Re: Problem regards event fields a0-a3 in audit logs
On Wednesday, November 30, 2016 4:40:01 PM EST C.y wrote:
I looked into audit log and find myself having difficultly in
understanding
the event field a0-a3.
I tried to look for answer but couldn't get any references for the
following question:
1. What are the initial value of a0-a3, and
Whatever was passed as arguments for the current syscall.
2. Is there any way to get 5-th and above arguments?
Nope. There is only 1 syscall that I know of that has a security relevant
argument higher than what is recorded. This is mmap. What we do is record that
value in a special AUDIT_MMAP auxiliary record.

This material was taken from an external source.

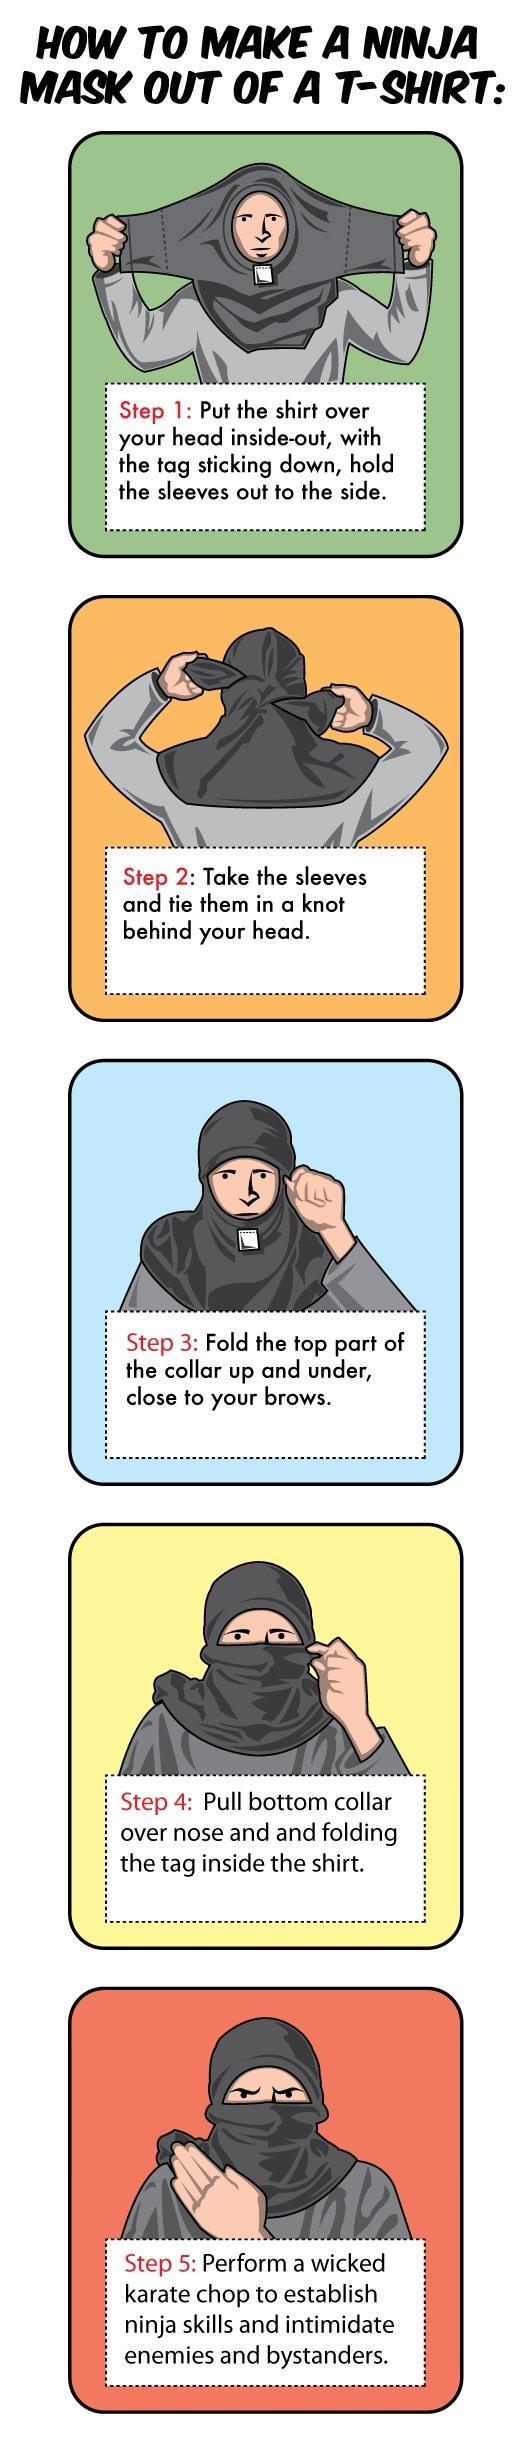 how to make ninja stuff

If there were any other
syscalls that had security relevant arguments higher than the first 4 I suspect
we'd do the same thing again.
Audit system reference from redhat (https://access.redhat.com/doc
umentation/en-US/Red_Hat_Enterprise_Linux/6/html/Security_
Guide/app-Audit_Reference.html) did mentioned that the first four arguments
of system call are recorded, but didn't mentions what their initial value
are when there a system call required less than four arguments.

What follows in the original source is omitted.